Автор книги: Владлен Бахнов
Жанр:
Юмористическая проза
сообщить о нарушении
Текущая страница: 20 (всего у книги 40 страниц)
ГЛАВА ДВЕНАДЦАТАЯ
– Ну, наконец-то, наконец-то, наконец-то! – радовался Динами, расхаживая по кабинету. Он то взбирался в свое кресло и подпрыгивал на мягком сиденье, то перескакивал с кресла на гигантский стол. – Как я и предсказывал, дорогой мой Котангенс, мы победили. Пиши: «За потрясающее никому не известное изобретение и вообще назначено с сегодняшнего числа Котангенса моим самым-самым близким приближенным». Подпись: «Великий Попечитель, Властелин Солнца и прочая и тому подобная».
– Благодарю вас, Ваше Равенство!
– Пустяки! Ах, Котангенс, наконец-то справедливость восторжествовала! И теперь подумаем, как сделать, чтобы этого никто не заметил.
– Зачем, Ваше Равенство? Ведь власть снова в ваших руках.
– В моих. Но ни один человек не должен догадываться, что она побывала в чужих. Не могу же я признаться, что Огогондией вместо меня управлял ненормальный кибер и никто даже разницы не заметил!
– Это верно.
– Еще бы! Мои подданные – они ж как дети. Узнают, что у власти временно был не я. и начнут подозревать, что и теперь я тоже не я. Чувствуешь?
– Так что же делать?
– А ничего. Власть преемственна. Значит, будем вести себя так, как вел себя наш предшественник, – и Дино забегал по комнате, вращая правой рукой. – Похоже?
– Абсолютно!
– Но это внешнее сходство. А сейчас подумаем, как нам до… емкак нам до… емкакнамдо… емкакнам до… стичь сходства внутреннего. Что бы этакое придумать поненормальней, а?
– Провозгласите себя богом.
– Старо.
– Ну обвините какое-нибудь государство в том, что оно в агрессивных целях собирается устроить солнечное затмение.
– Пресно. Мне нужны сумасшедшие идеи помасштабней. Вроде платы за Солнце или установки счетчиков.
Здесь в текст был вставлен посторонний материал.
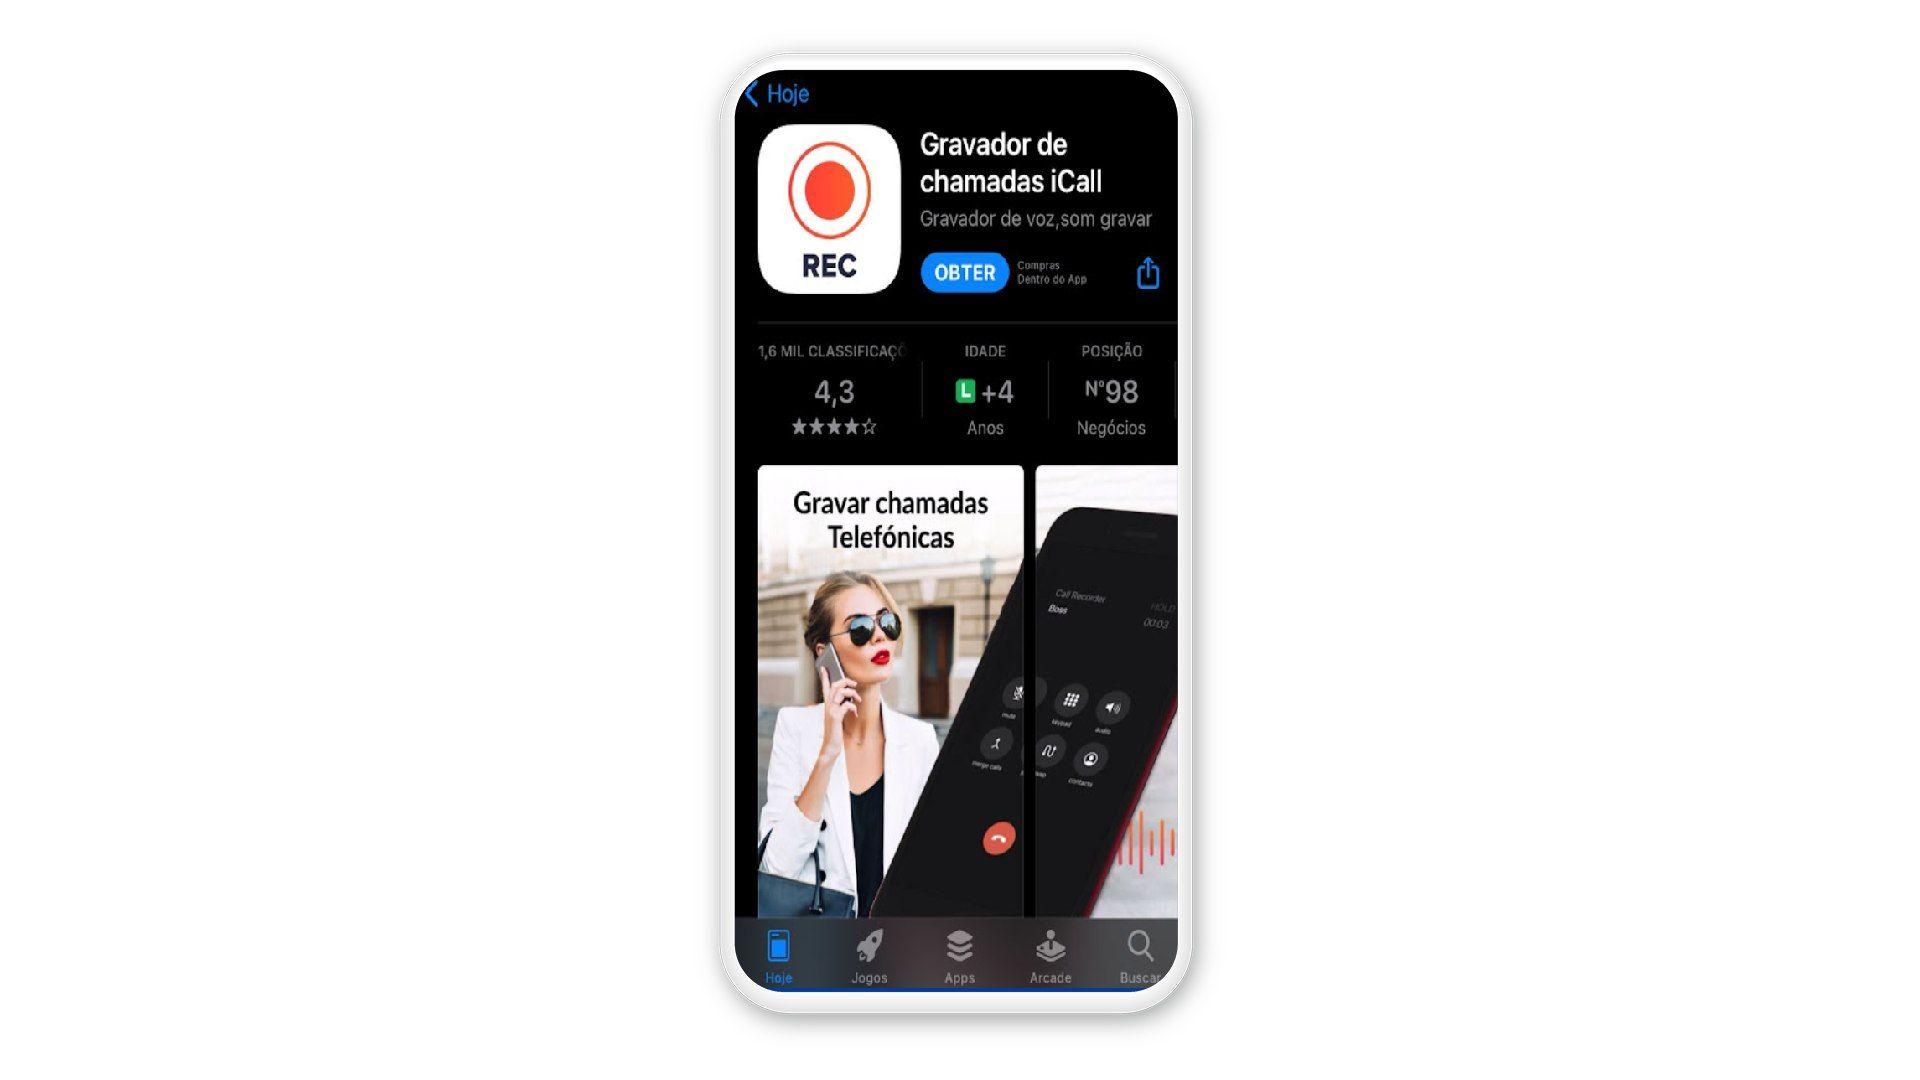 Tela do iPhone com App Store aberta no aplicativo iCall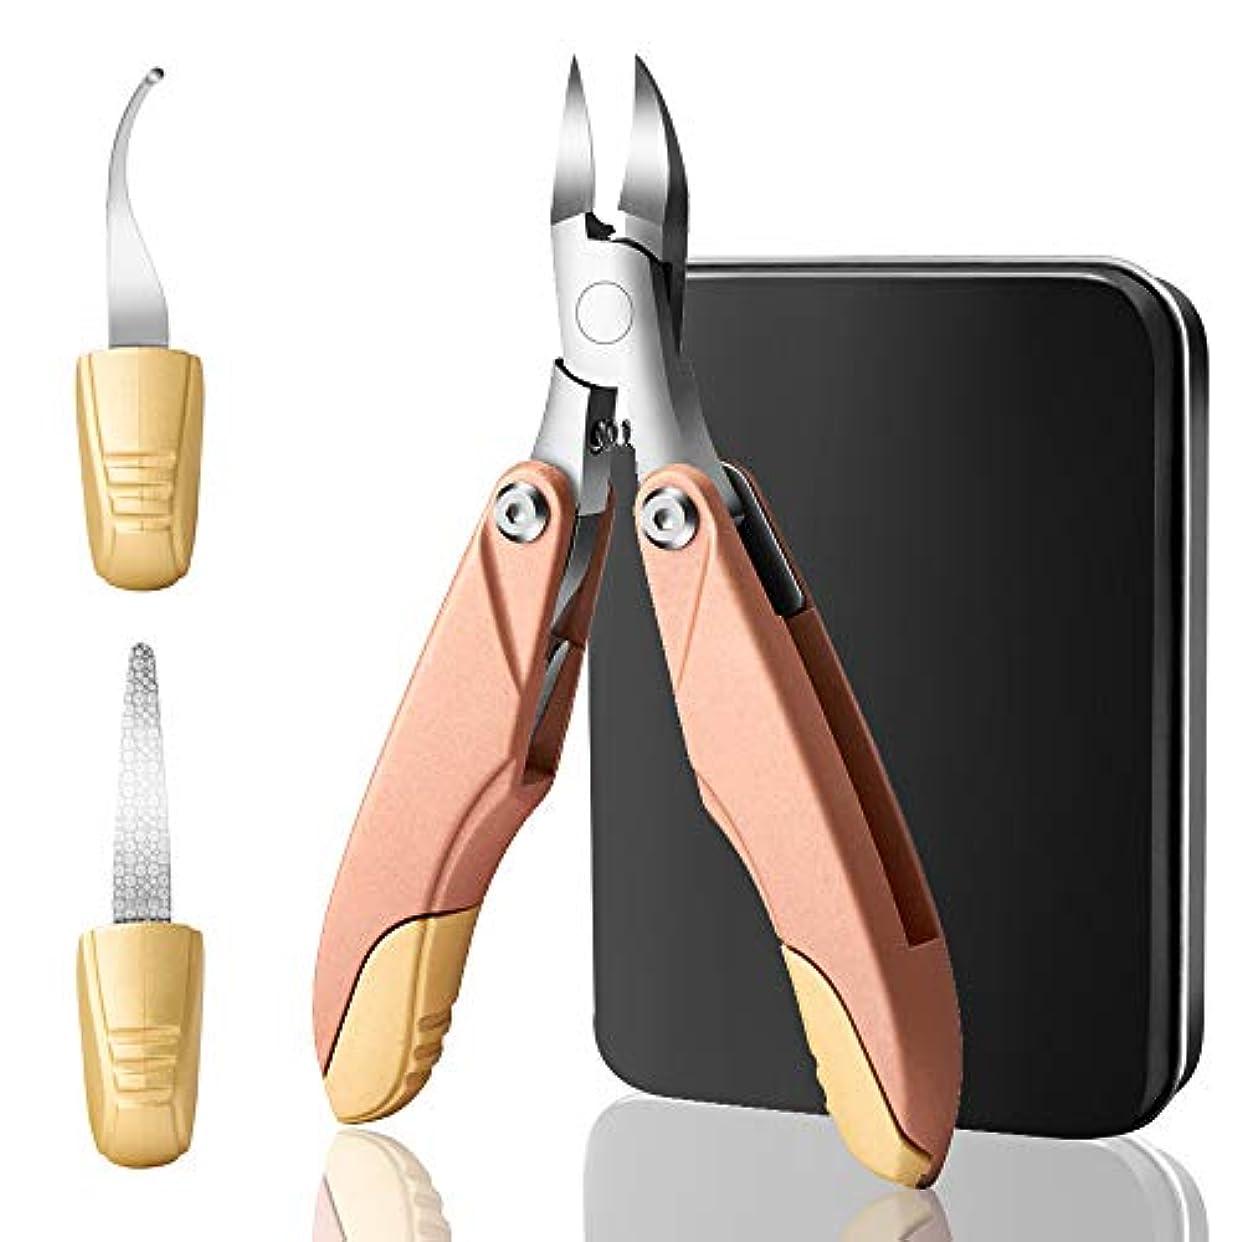 性能悲しい留め金YunTech 爪切り3in1 ニッパー爪切り ステンレス製 折り畳み式 巻き爪 硬い爪などにも対応 ゾンデ/爪やすり付き 手足兼用 収納ケース付き (ローズゴールド)

А кстати, счетчики мы установили, а деньги-то нам платят? Министра финансов! Срочно! – распорядился Дино, нажав кнопку диктофона.
И министр финансов тотчас влетел в кабинет, даже не успев остановить вращение правой руки.
– Браво, Динами!
– Браво, брависсимо. Как поступает плата за Солнце?
– Самым аккуратным образом. Ваше Равенство.
– И платят строго по показанию счетчиков?
– Абсолютно. Вот только в Игралии какие-то хулиганы разбили два счетчика.
– Разбили? – обрадованно переспросил Дино.
– Так точно, разбили.
– Так что же ты раньше молчал? – И Попечитель расцеловал оторопевшего финансиста. – Военного министра! Мигом!
И министр так стремительно вбежал в кабинет, что вынужден был по инерции пробежать еще целый круг, прежде чем смог затормозить и остановиться.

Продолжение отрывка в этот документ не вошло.